Tablets are one of those things that would be an awesome replacement for paper but a few things need to be streamlined or removed from society before we’re really going to be ready for that.  The first is voice to text needs to be firmed up so you can speak at a tablet rather than use cumbersome touch screen keyboards (or some other kind of portable, accessible user interface device needs to be dreamed up).  Second, the policy of requiring employees to print out all their important paperwork would need to go away.  My work is “paperless” which means we fill everything out on the computer before we print it out for our own records.  This really removes the benefit of using tablets as a work device for anything other than a handy way to have portable schematics.  As an idea I like the tablet, but as yet the execution has not caught up to the ideal.
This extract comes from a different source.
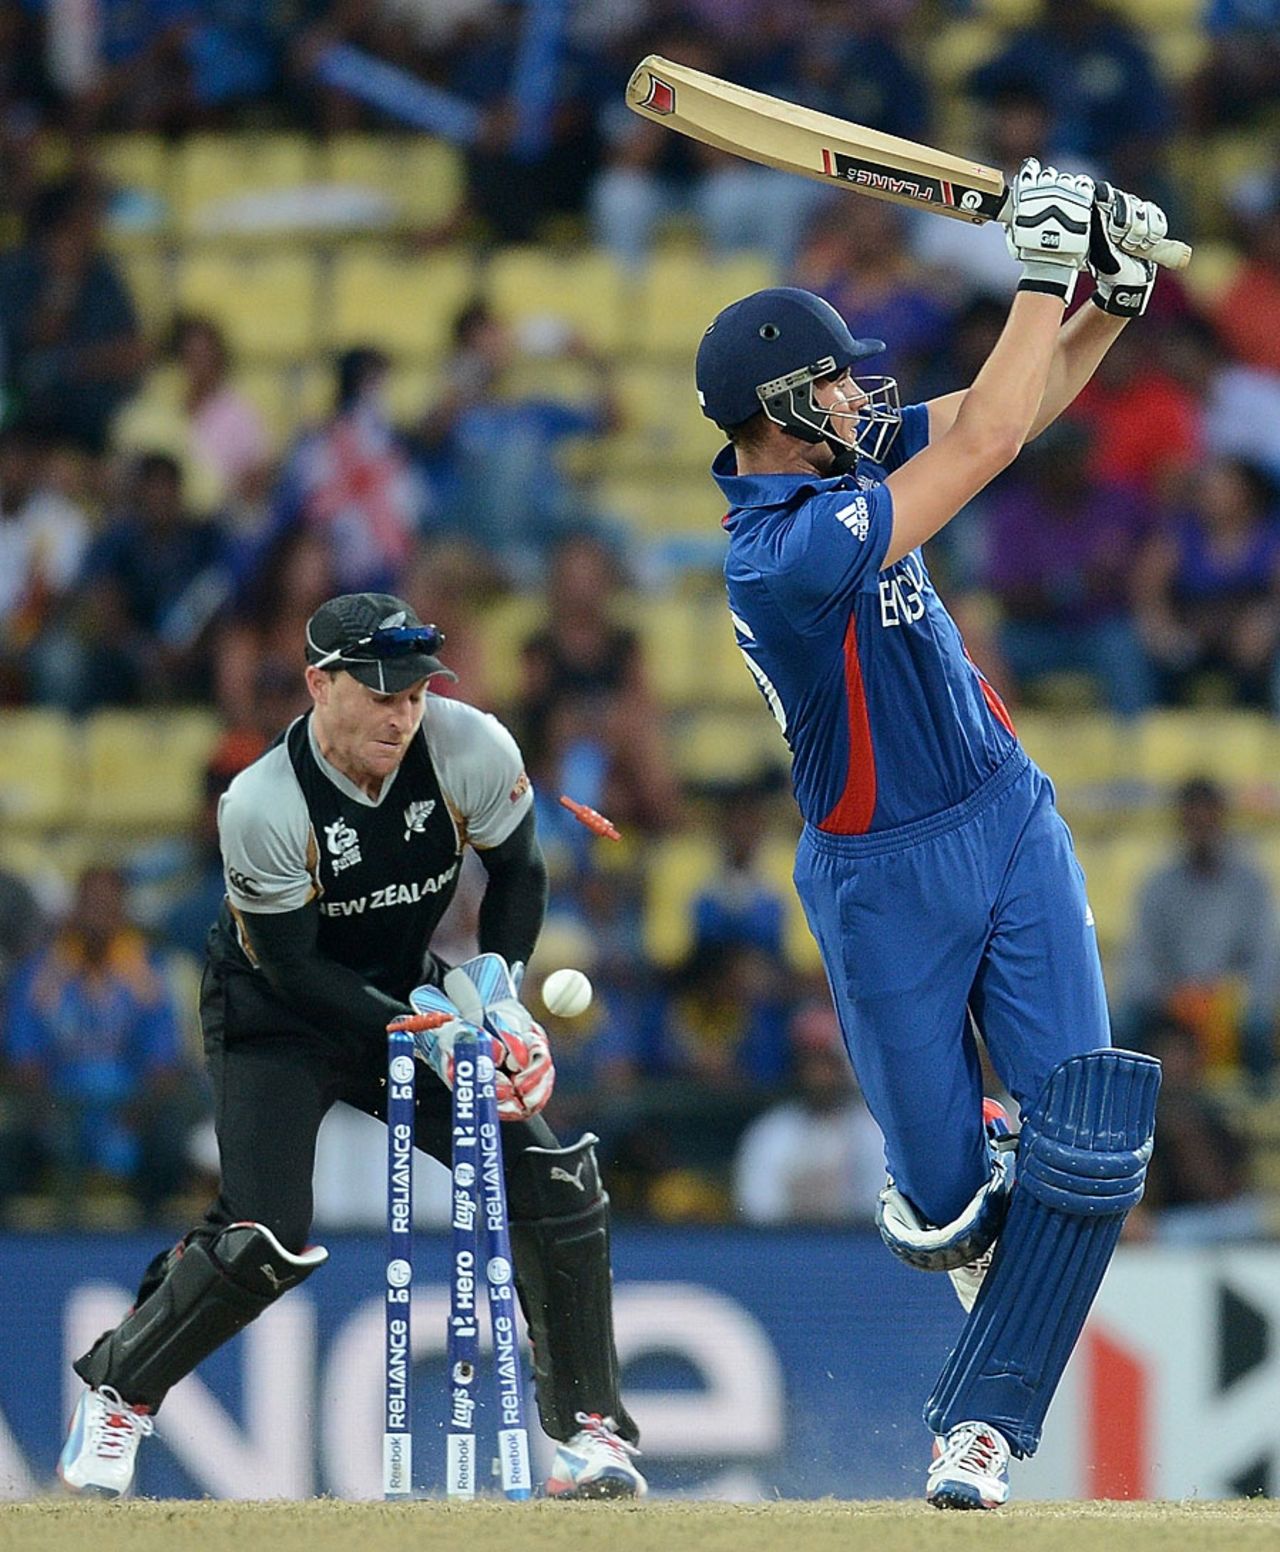 Alex Hales is bowled after giving Nathan McCullum the charge, England v New Zealand, World Twenty20, Super Eights, Pallekele, September 29, 2012

THE FUTURE! OK, now print out two copies and sign one of them. Send the signed copy to Equipment Management and keep the other copy in your giant filing cabinet full of similar forms. Oh, and you'll have to dock that thing to your PC before you can print on this network. In fact, you might as well print out 3 copies so we can keep one in the general employee cabinet as well. You should sign that one too.

Another gadget I’ve lived mostly without is an MP3 player.  I like music, but I don’t typically listen to it anywhere other than in the car, and my car has a CD player that plays MP3 data CDs.  If I’m in the house, generally I put a movie in instead of music because I prefer the experience of ignoring a movie rather than ignoring music.  If I’m traveling as a passenger I typically have my DS with me, so I use my headphones to connect to that rather than a music machine.  If I’m walking somewhere I typically don’t find a sound track necessary to get me where I’m going.  And, if I’m reading, I typically get so engrossed in the book that I don’t even notice the lack of ambient music.  So yes, I’m not an audiophile by any stretch of the imagination.  Heck, I can’t even tell the difference between a 5q encoded Ogg Vorbis file and raw sound most days.  Granted,it’s harder to tell the difference than you might think.

I told you all of that to let you know that I recently purchased an MP3 player for my car.  My car has an aux jack for MP3 players so I figured I could get myself a cheapo player and fit all my music on it rather than swapping MP3 CDs around every time I want to listen to something different.  I’m still in the process of getting all my music onto the damn thing, so time will tell if this is an idea that pans out for me.

There was probably a quicker way to tell you that.

-Confusion is a state of mind, or is it?